MEGA – February 2026 Edition - First Birthday and look …… we are still here!

Phil from Eastbourne

Plans Missing. Pipes Bursting. Names Changing. Backbone Required.
February’s MEGA issue asks one simple question: where’s the plan — and who’s in charge?
In Days Bay, the shared path currently plays hide-and-seek. It starts. It stops. Kerbs change personality mid-block. Drainage experiments with lagoon living. If there’s a fully resolved design — alignment, parking numbers, cross-sections, timeline — publish it. We’re not anti-cycleway. We’re anti-afterthought.
Ferry Road looks like it’s studying the Howard Point collapse manual. Cracks, water and gravity are a familiar trio. Fix it now or rehearse another apology.
At Moa Point, untreated wastewater has redefined “edgy capital city.” Councils are “monitoring.” The ocean would prefer maintenance.
On the positive side, MEGA supports exploring smart, regulated additional moorings in Days Bay and Lowry Bay. A bay with boats feels alive. Views alone don’t create vibrancy.

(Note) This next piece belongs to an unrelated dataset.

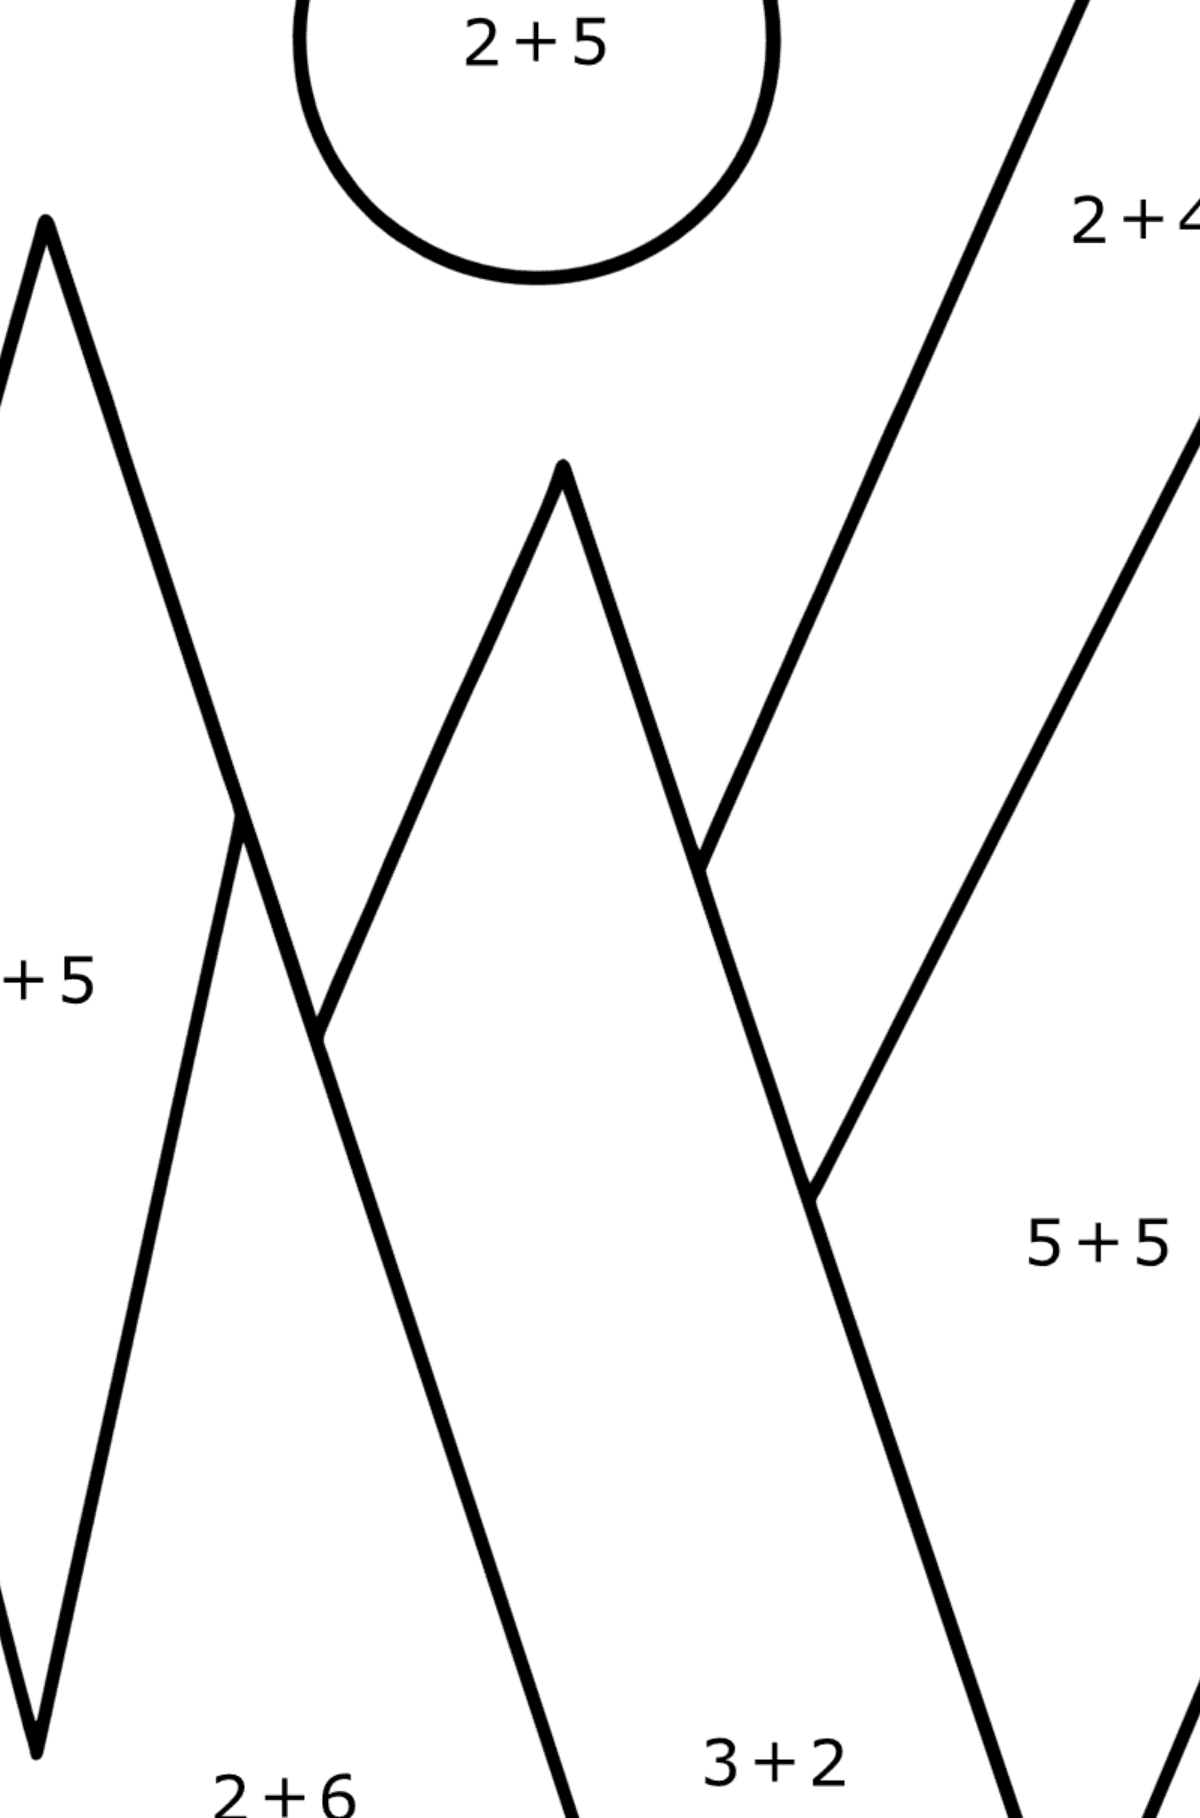 Omalovánka geometrické tvary - hory - Matematická Omalovánka - Sčítání pro děti

Nationally, Sky Stadium is now HNRY Stadium — not Henry, HNRY. The Cake Tin remains undefeated. Meanwhile, touring maps increasingly hit Auckland and Christchurch, then fly home. That’s not branding failure. That’s routing laziness.

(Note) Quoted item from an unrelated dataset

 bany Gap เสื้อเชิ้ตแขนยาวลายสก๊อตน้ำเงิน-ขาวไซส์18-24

The 2026 World Cup will be spectacular football wrapped in visa queues and hotel prices that require refinancing. Rugby coaching appointments may outlast the season itself.

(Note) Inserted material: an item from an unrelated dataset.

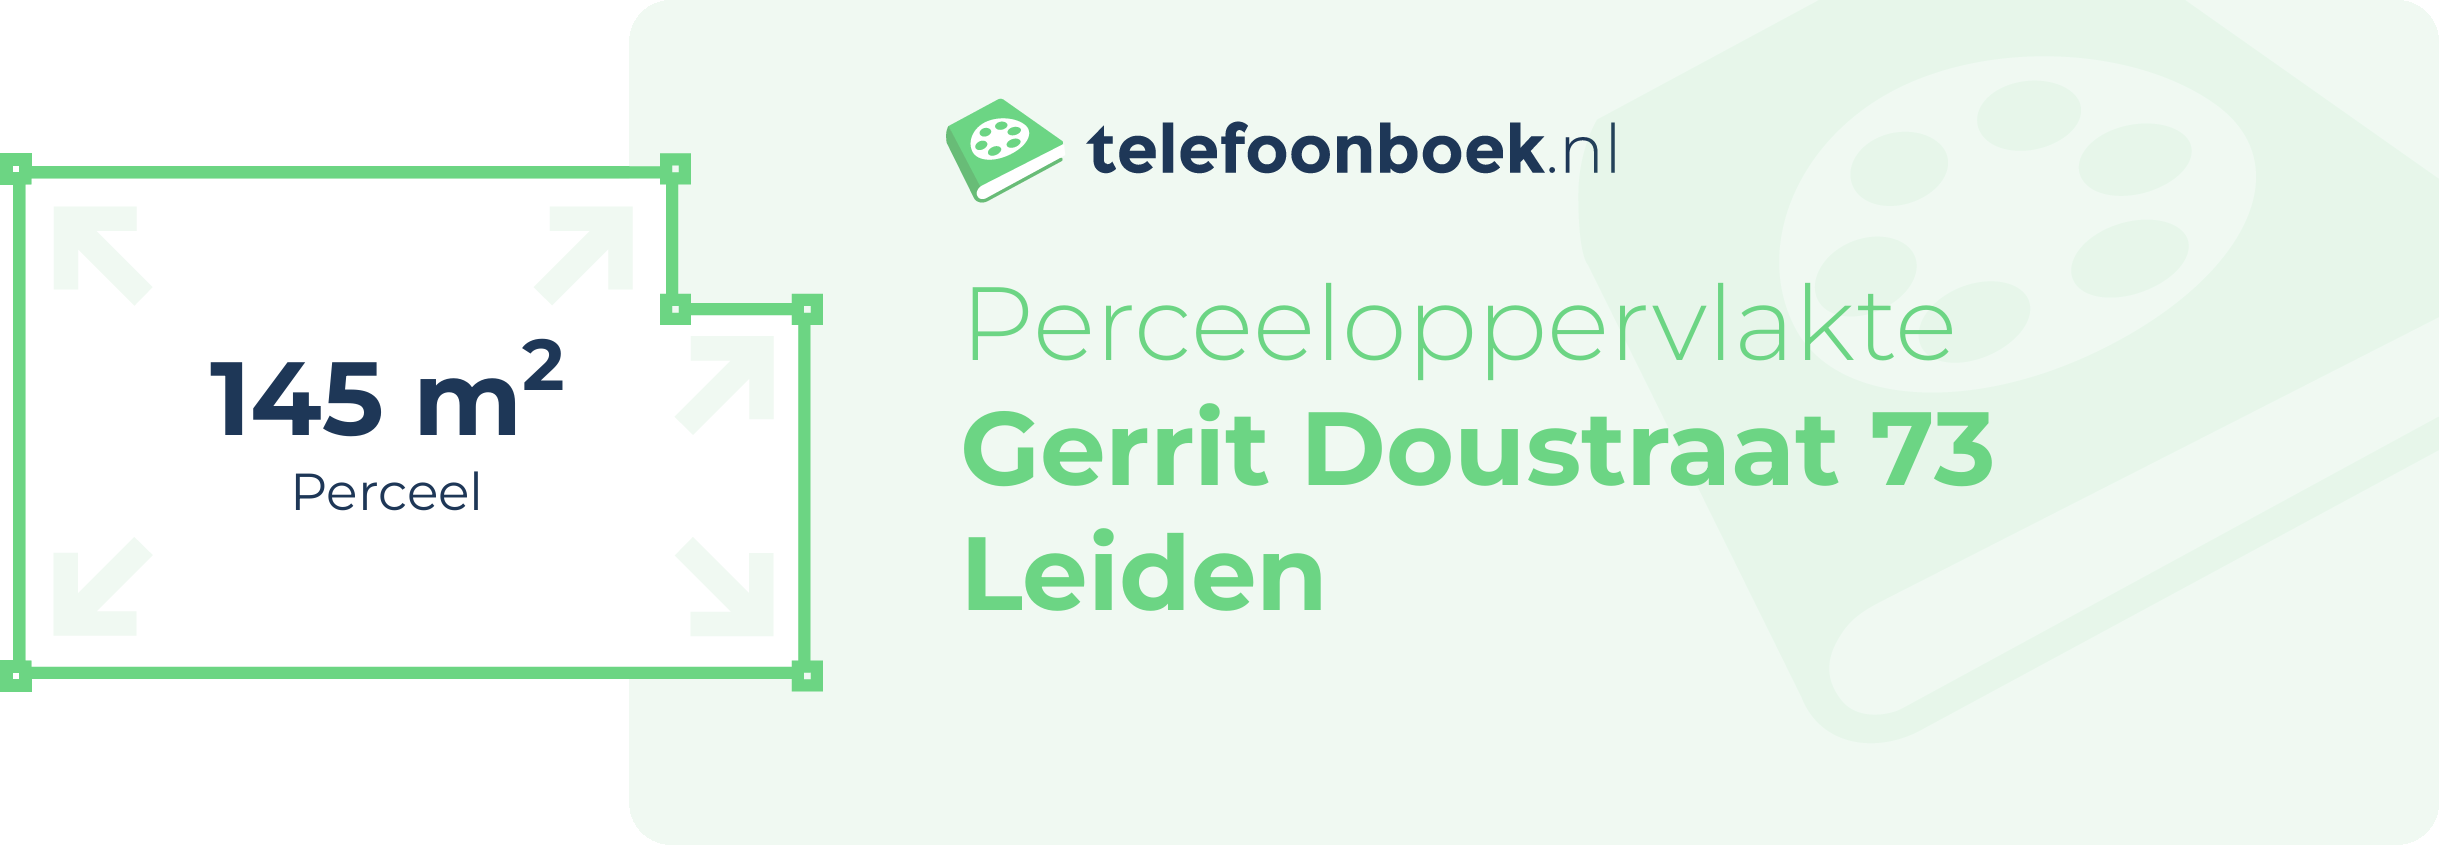 Perceeloppervlakte Gerrit Doustraat 73 Leiden

Super City merger talk continues. In mega-structures, small boards tend to “streamline.” If Eastbourne wants influence, it needs guarantees, not nostalgia.
One clear win: HCERT now has a community-funded reconnaissance drone. Big cities have helicopters. We have propellers.
February’s message is blunt:
Publish the plans.
Fix the pipes.
Stabilise the roads.
Back ambition with delivery.
Or MEGA will keep asking.
visit: www.mega.kiwi.nz...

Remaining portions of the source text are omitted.